The higher the degree of cation exchange, the higher the density of hydroxyl groups generated during subsequent calcination. Alternatively, increasing the silica/alumina ratio of the zeolite reduces the number of hydroxyl sites and minimizes interactions between hydroxyl groups. Another type of reactive site, a strained crosslinking site, results from dehydroxylation of strongly interacting or hydrogen-bonded hydroxyl sites. Hydrogen-bonded hydroxyl sites are first generated by calcining ammonium type zeolite at a temperature of preferably about 180°C or higher, more preferably about 200°C or higher, decomposing the ammonium type, and then cooling to a temperature of 100°C or lower. . Either or both of the calcination and cooling steps are carried out in a humid atmosphere, for example in humid air, or if both the calcination and cooling are under anhydrous conditions the resulting zeolite is equilibrated in a humid atmosphere. If the number of hydroxyl groups thus obtained is large enough, they are close enough to interact by hydrogen bonding. The density of hydroxyl sites as mentioned above is controlled by the degree of cation exchange, so the higher the degree of cation exchange, the greater the density of hydroxyl sites during subsequent calcination.
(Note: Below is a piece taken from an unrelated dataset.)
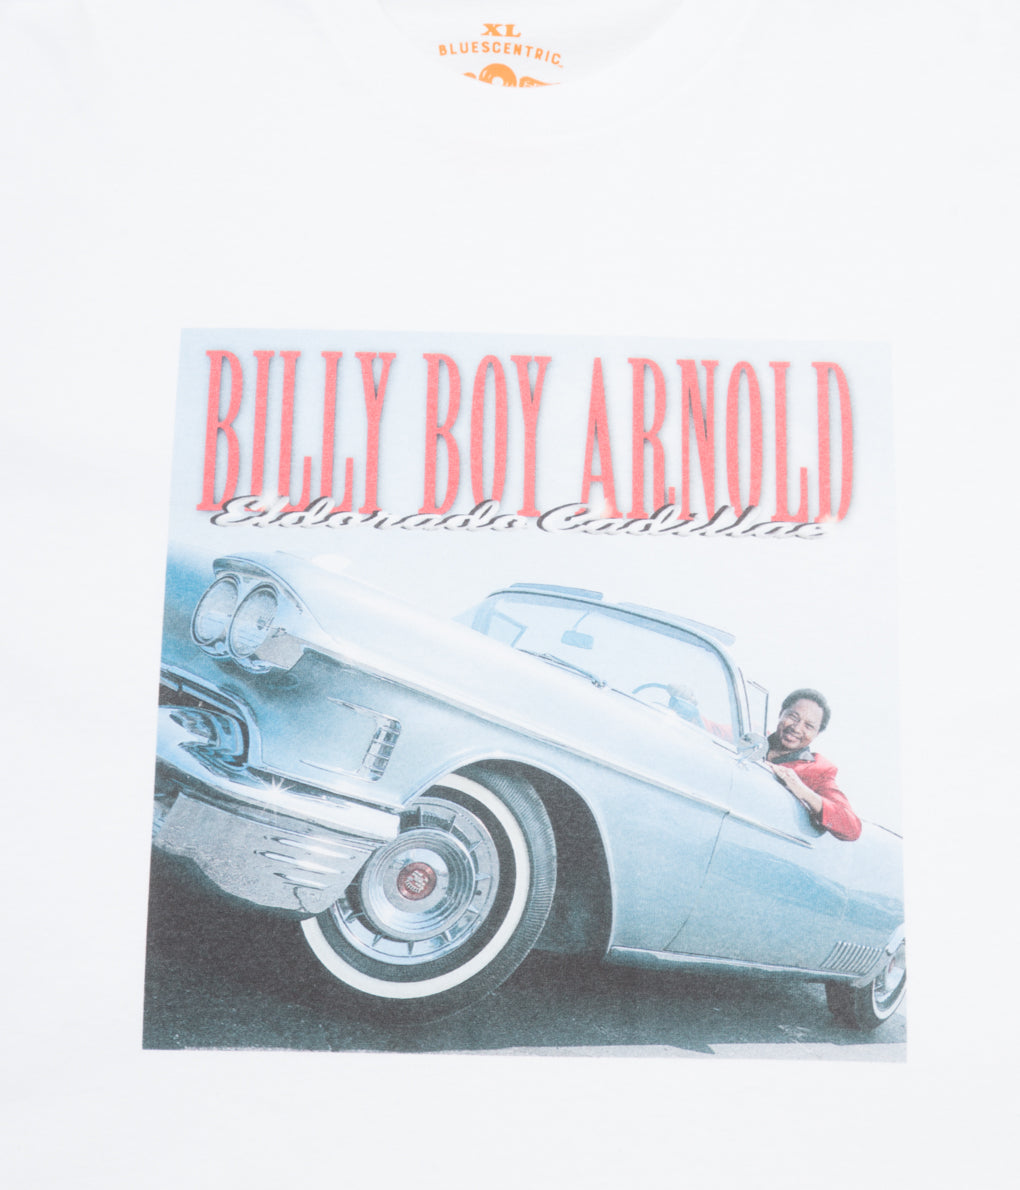 BLUESCENTRIC "BILLY BOY ARNOLD ELDORADO CADILLAC T-SHIRT" (WHITE)

In zeolites with low silica/alumina ratios, the probability of forming hydrogen-bonded hydroxyls increases. Such hydrogen bonded hydroxyl sites are substantially non-reactive with the silylating agent. However, this surface can be removed in a dry environment by approximately
When heated again to temperatures above 300° C., such sites collapse releasing chemical water out of the strained bridges. This site reacts with the silylating agent. Dehydroxylation can be expressed as follows. A mixture of reactive sites (independent hydroxyl groups and strained crosslinking sites) can be created by varying drying conditions and activation temperatures. Silylation Silylation is performed by contacting the zeolite with a vapor or liquid organosilane under anhydrous conditions or by dissolving the organosilane in a dry organic solvent such as hexane, heptane, naphtha, lubricating oil, etc. 20 depending on the zeolite being treated and the silane used
This is carried out by contacting the zeolite with the solution at ~500° C. in the presence or absence of a metal hydrogenation component (more detailed below). The silylation liquid contains 0.01 to 20% by volume of silane, preferably 1
Contains ~5% silane by volume. If the organosilane is not reacted directly with the surface as a vapor or liquid, it may be used as an organic solution (preferably using a non-polar, non-aromatic solvent as the solvent), where the water content is approximately
Must not exceed 10ppm. The silylation solution is approximately
It contains 0.01 to 20% by volume, preferably 1 to 5% by volume of silane. The total free water content in both the zeolite and the solvent should not exceed about 10 ppm. Acetone, toluene, ethyl acetate, 1,4-dioxane, etc. are all unsuitable solvents because they react with sites on the zeolite under the conditions required to form a stable silylated surface. On the other hand, n-hexane, n-pentane, carbon tetrachloride, white oil are suitable as solvents, and the hydrocarbon oils of the feedstock used in the catalytic process itself can also be used as solvents. Attention must be paid to the dryness of the solvent, as water hydrolyzes the silylated molecules (at least hexamethyldisiloxane (HMDSO)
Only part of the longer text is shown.